Empty Cereal Box

Views From Inside an Adoptee

May 23, 2006

Trust

Bouquet from Mom Seeking Peace

Trust gives wings to the soul's flight through pathless awareness of its being.-
-
John Hogue

This is my last day in Portland. It's been breathtakingly beautiful here and being with my daughter K and her fiancee and having fun every day and night. One of the warmest and most gracious suprises of my visit here was meeting Mom Seeking Peace. She phoned me and we had a wonderful visit sharing our experiences about being affected by adoption--she having given up her son and me having given up my mother. Then she brought her sons with her and handed me a big bouquet of flowers in memory of my nmom, a little bear in honor of the "little girl" still inside me, and a card that expressed things only those affected by adoption could understand. It was a wonderful meeting. It was as if my own nmom, whom I've never met, came by to give a little peace to my heart. I can't explain how warm and thoughtful MSP was and how much it meant to me to meet her.

After she left I visited her blog and realized how much we have to trust the process of life and how the human spirit can be as healing as nature herself. I don't want to go home, yet I know that the only way to live now is to trust.



3 Comments:

Blogger HeatherRainbow said...

((Marie))

I used to be healed by the gorges.
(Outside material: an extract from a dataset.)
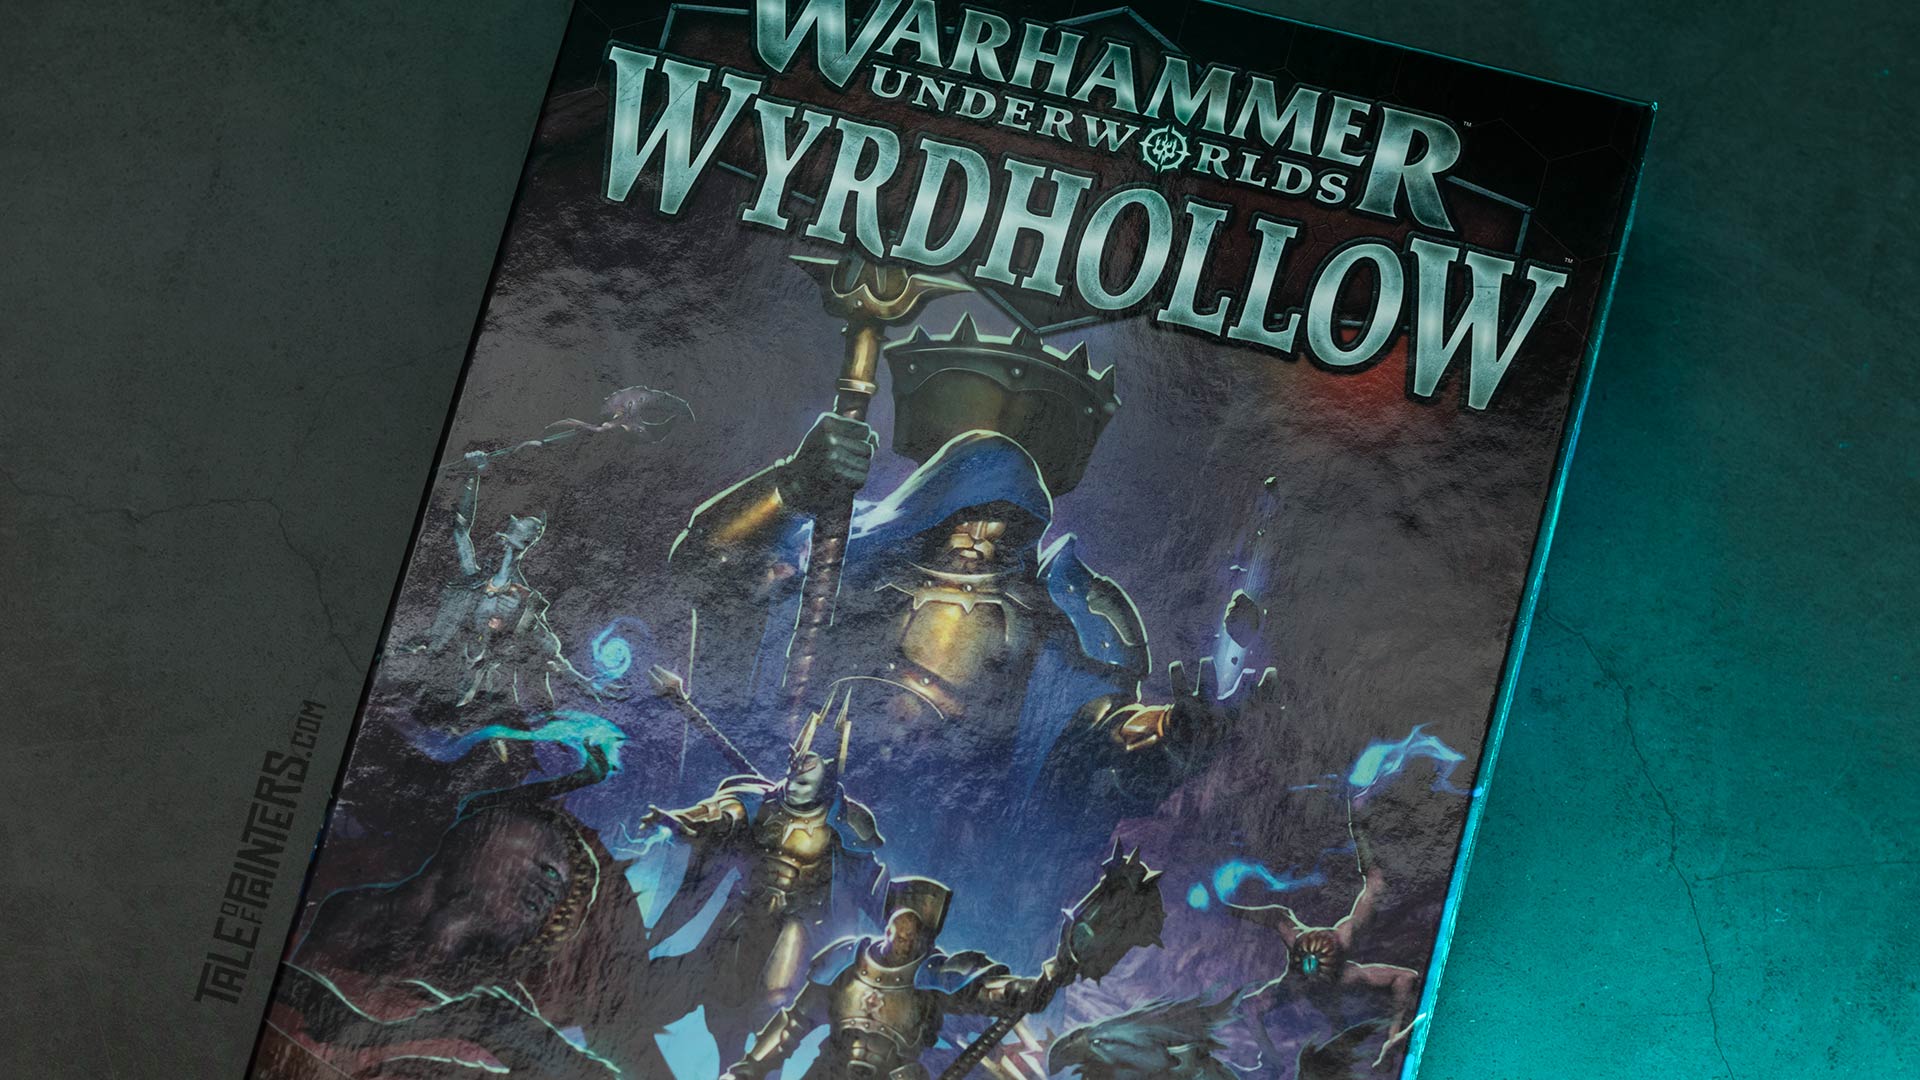 Warhammer Underworlds Wyrdhollow review and unboxing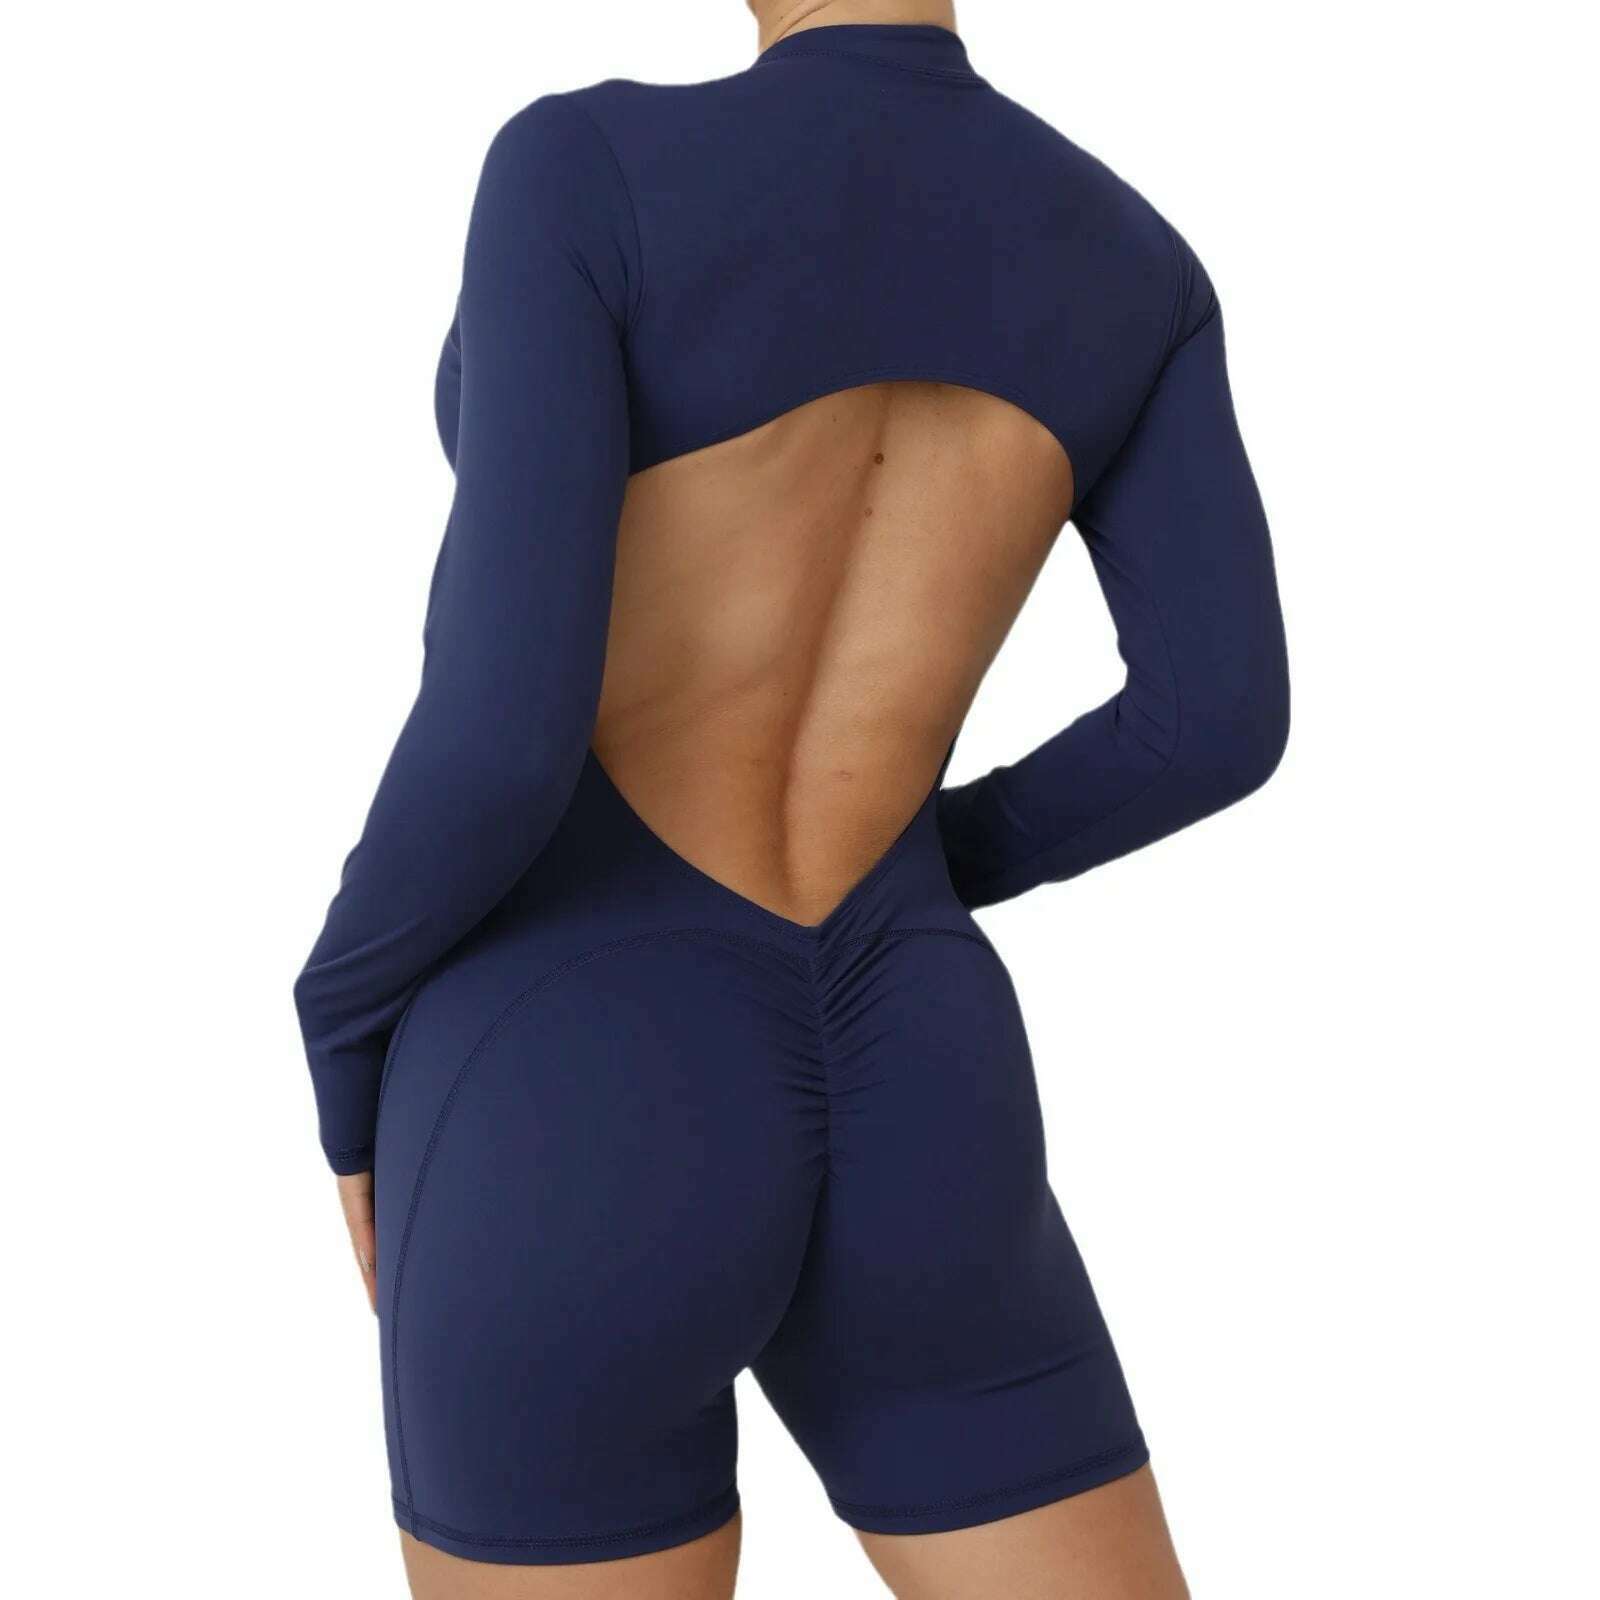 KIMLUD, Halter Bodysuits Long Sleeved Jumpsuit Women Sport One Pieces Shorts Set Sexy Fitness Overalls Yoga Workout Sportswear Woman Gym, KIMLUD Womens Clothes

Trusting people is hard, though it does speak truth. Trust. In the wholeness of the universe.

23.5.06  
Blogger Marie said...

Heatherrainbow-for some reason your words bring tears to my eyes. Trusting the process of life isn't something that comes easily to me, but when I remember to let go and be in the moment, everything gets taken care of somehow...
Thanks for dropping by! Hugs.

23.5.06  
Blogger Laurie (formerly known as Momseekingpeace) said...

HI Marie,
I have just had a chance to read your blog after a few days, I have been so busy. I cried when I read your entry, I of course got as much out of meeting you. I was at the Ann Fesler booksigning and reading tonight and I kept thinking of you and how much I wish you could be there, it was a sad but healing room, one could feel the compassion and understanding and......of course the heartache.
I wish there was a way you could have more closure, it's so painful to long so deeply.